THE hospital was silent and dreary, filled with an air of devastation. I was sitting in the long, endless corridor. The only sound was the ticking of the clock. Sunrise was expected anytime. Dawn was to bring never-ending darkness in my life. “We will pull the plug in the morning,” were the words that were jarring my nerves. My best friend was in deathly sleep. After her accident, she was lying comatose. Her body was dead but her brain was alive. With the consent of the family, the hospital’s ethics committee decided that there was no point in keeping her alive on life-support.
“But this is murder” was all that reverberated through my mind.
How can all these professional and competent doctors deprive a 20-year-old girl of another chance at life? But they had a very decent terminology for this brutal act: euthanasia, or mercy killing! One way or the other, euthanasia is practised in the many countries of the world, and not just Third-World countries.

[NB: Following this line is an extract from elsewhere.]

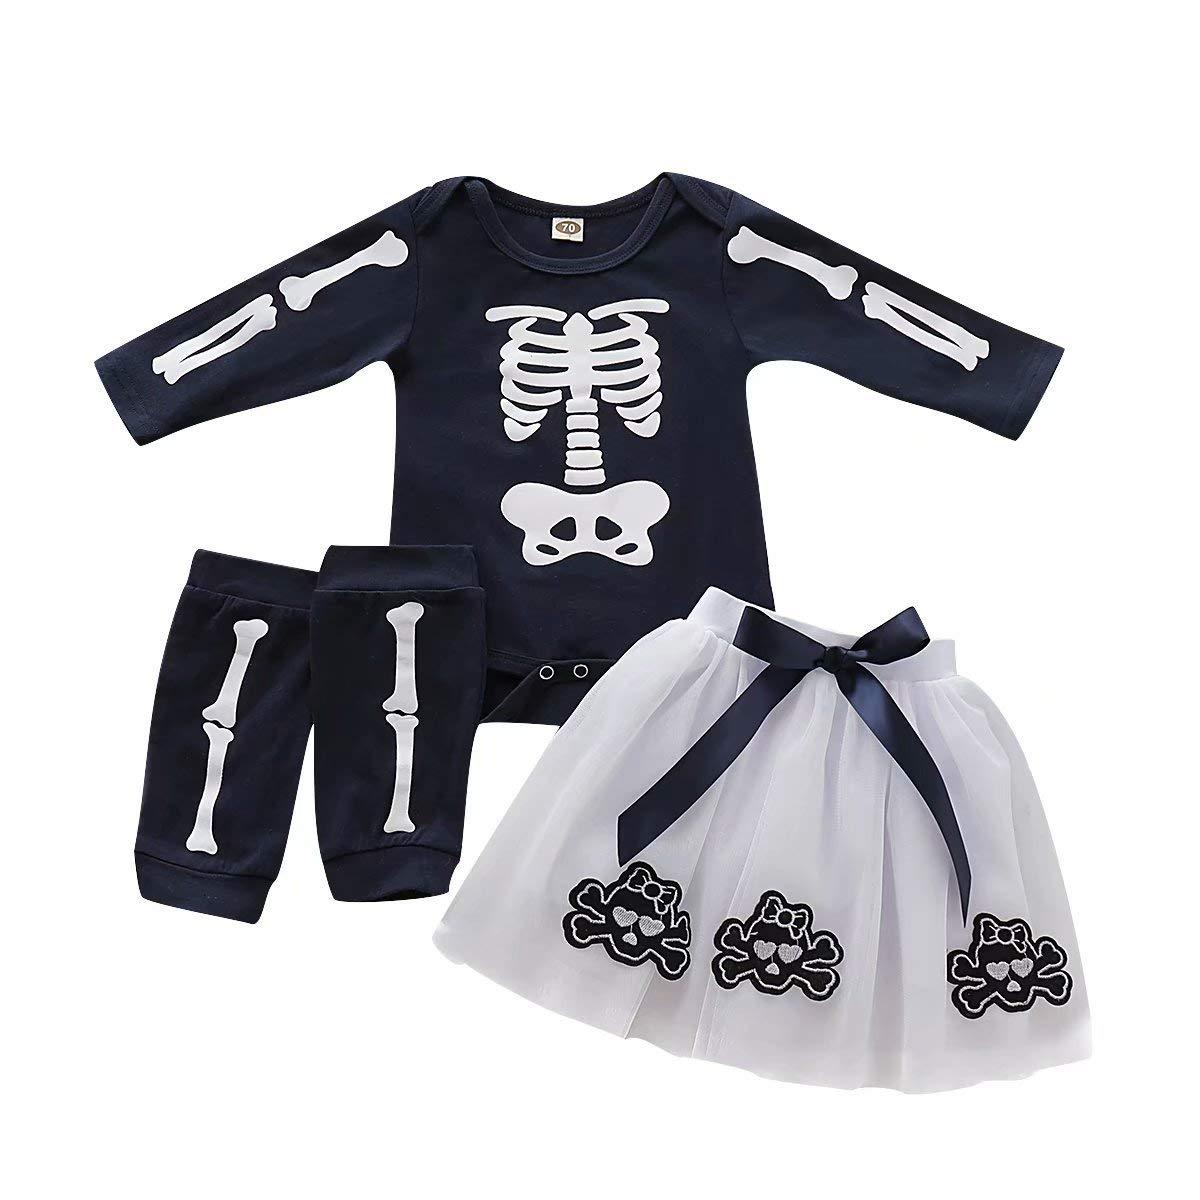 Jobakids Baby Girls Long Sleeve Halloween Shirt and Skirt Set Skull Tutu Sets Chiffon Dress with Leg Warmer

Euthanasia literally means “dying well”. It is, in layman’s terms, considered to be a “death of mercy” or “good death”. To really understand the meaning and the purpose behind practising euthanasia, we would have to understand its two basic forms: active euthanasia and passive euthanasia.
Both the American Medical Association and the American judicial system recognize a sharp distinction between active and passive euthanasia. The first of these terms, active euthanasia, refers to any action that directly contributes to the death of someone who is terminally ill or in great pain. Passive euthanasia, on the other hand, refers to a decision not to treat a life-threatening condition on the grounds that no extraordinary measures should be taken to save the life of someone who is either terminally ill or in great pain. Legally, the difference between active and passive euthanasia is the difference between killing and allowing to die — the first is punishable by strict penalties in our legal system, while the second is not even a misdemeanour.
One of the most referred contemporarily discussions on the subject of euthanasia is Active and Passive Euthanasia (1975) by the professor of Philosophy of University Of Alabama, James Rachel. Rachel signifies the fact that there is no moral difference between actively killing a person and passively allowing the person to die. It is observed by Rachel that people think people are of the view that actively killing a person is more morally unethical and brutal than passively allowing him to die. However, there is no wide difference between both because both of the result in death of the patient on humanitarian grounds. The difference between the two is emphasized because we often hear of cases of active killings, but not of passive killings.
Twenty years ago, when a dying patient was kept alive through a respiration machine, it was considered to be something like playing God. Many caring individuals have expressed deep sentiments on the right-to-die debate on euthanasia. What if euthanasia is carried out on a patient suffering from a terminal illness and the family finds out immediately afterwards that a cure has been found. Can there be any measure of the amount of the family’s desolation that has lost their loved one?
The practice of euthanasia is not about relieving the patient of pain, but the ultimate sign of not having faith in God. Doctors forget that there is a bigger and more supreme power hat has everything is His hands. He alone can change things for the better or the worse in an instant, and we are to repose our firm faith and trust in Him. So, the act of administering euthanasia is in complete defiance to it.